Oh, boy, did I! He was my grandfather, John William Wheat, and this is the only picture I have of him in which he is identified. Among this group of dapper young men, he is the second from the left, pointed out by a big arrow drawn on the photo. What a priceless thing to know what my grandfather looked like! The only other picture of him that I have ever had was of a large group of oil field workers in Seminole OK, posed on and in front of a big flat-bed truck. My aunt Marie thought he was one of the men standing in front of the truck, but she wasn't sure herself which one he was. 

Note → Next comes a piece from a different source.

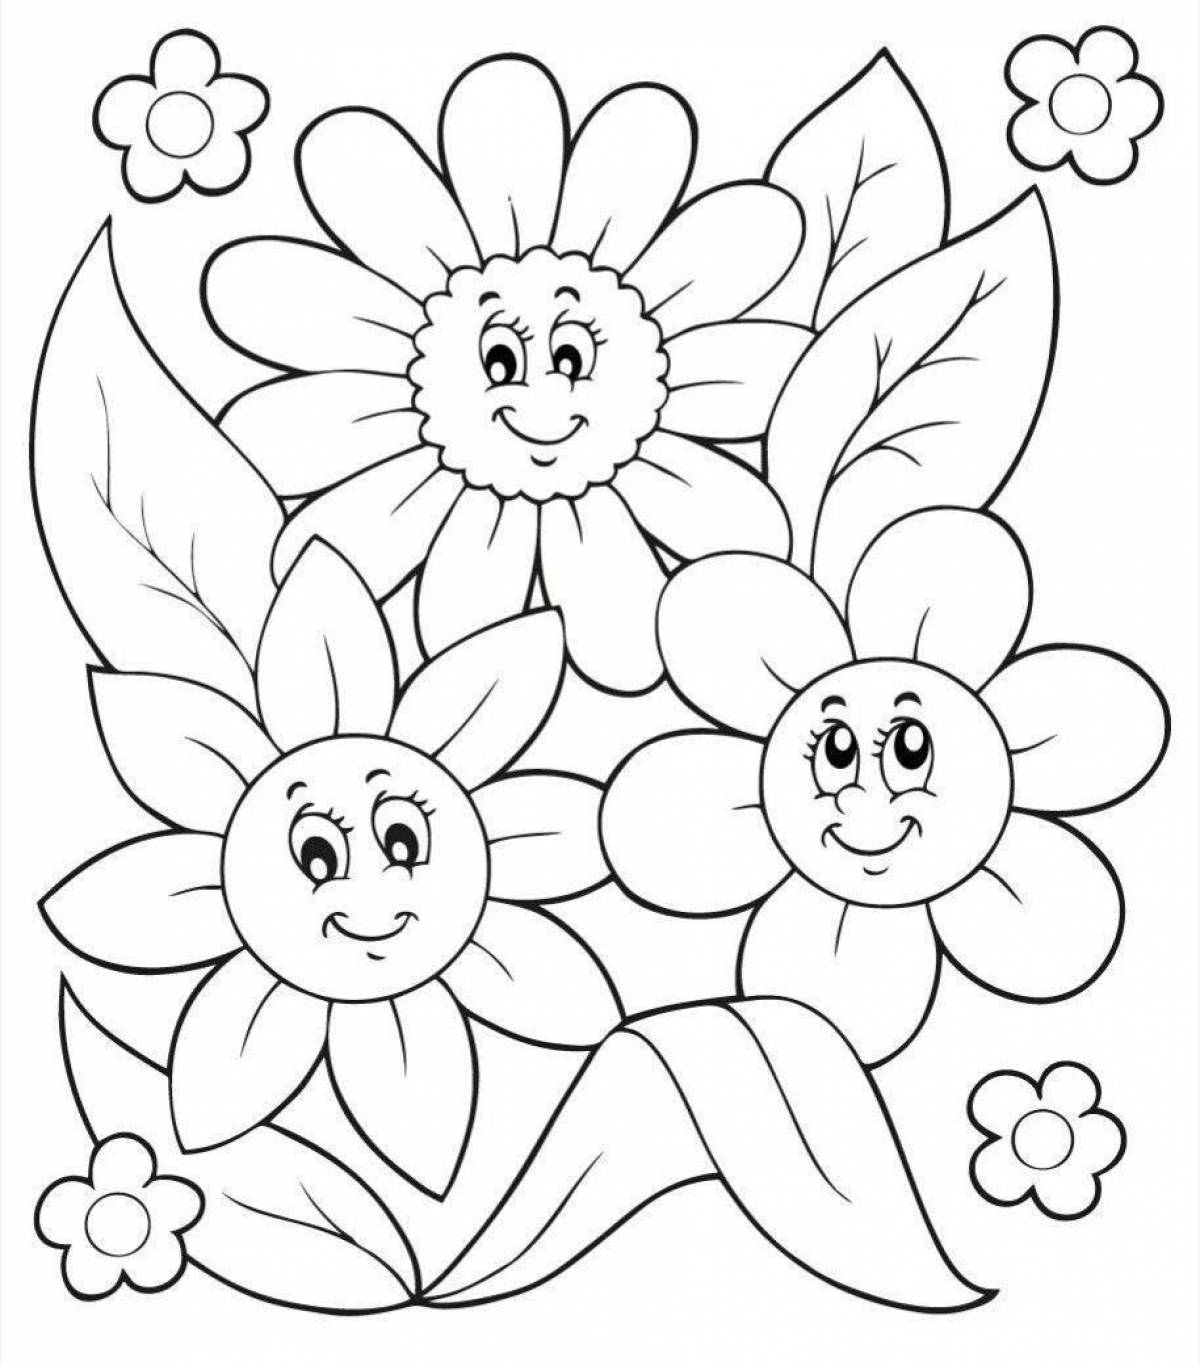 Amazing flower coloring pages for 6-7 year olds

Oil field workers, Seminole OK, about 1927

Another gift from my cousin Paul came in the mail after we finally met in person this March. This one is even more precious because I didn't expect there to even be a picture of my great-grandmother, Cynthia Francis Ming Wheat Rhodes, mother of John William Wheat. In this photo, taken around 1900, she poses with her second husband, Tom Rhodes, who was 30 years older than she was. I don't know why I couldn't have inherited her tiny little figure!

Cynthia Francis Ming Wheat Rhodes
and second husband, Tom Rhodes

Just last week I was the recipient of more photos--this time from my Castle cousin, Linda. I have a lot of Castle and Day family photos, since I inherited both my grandmother's and my great-grandmother's, but I had never seen these. Linda has been going through her parents' photo albums and brought along several when we met for dinner. She was nice enough to scan these photos of Grandpa and Grandma Day; one of the Castle boys with my grandfather, Weaver Smith; and a group shot of the Castle family, including my grandfather and grandmother, in front of Big Mom's house. Talking about inheriting physical features, it's easy to see that the Smith boys--my dad and my brother--inherited their beautiful hair from my grandfather. I can sure see what my grandmother saw in him!

Grandpa and Grandma Day with great-granddaughter Marilou
(L to R) My grandfather Weaver Smith,
Goldman, Warner, and Forrest Castle

Castle family in front of Big Mom's house
My grandparents are in the back row, framed between the two pillars

Want a project to work on that will really make a difference to you and your descendants? 

  • If your family photos are in one of those old magnetic or adhesive photo albums, take them out now! Put them in archival albums or boxes.
  • Being careful not to damage photos, list the people depicted on the back. Someday you will be gone, and nobody will know who these people were.
  • Scan your most precious photos and save them somewhere that will be safe in a disaster. In these days of ever-changing technology, it's hard to know what that is. Computer hard drive, flash drive, the cloud? Use your best judgment.
  • Check out an online photo archive like Look for photos of your family, or better yet, post some of your photos there.
  • If you are a subscriber to, post photos there and make them accessible to the Ancestry community.
  • Print those vacation photos that are still on a photo disk and put them in an album.
  • It's great to have a photo album in your purse or pocket, i.e. your cell phone, but what happens when something happens to your phone? Find a permanent way to save those priceless photos!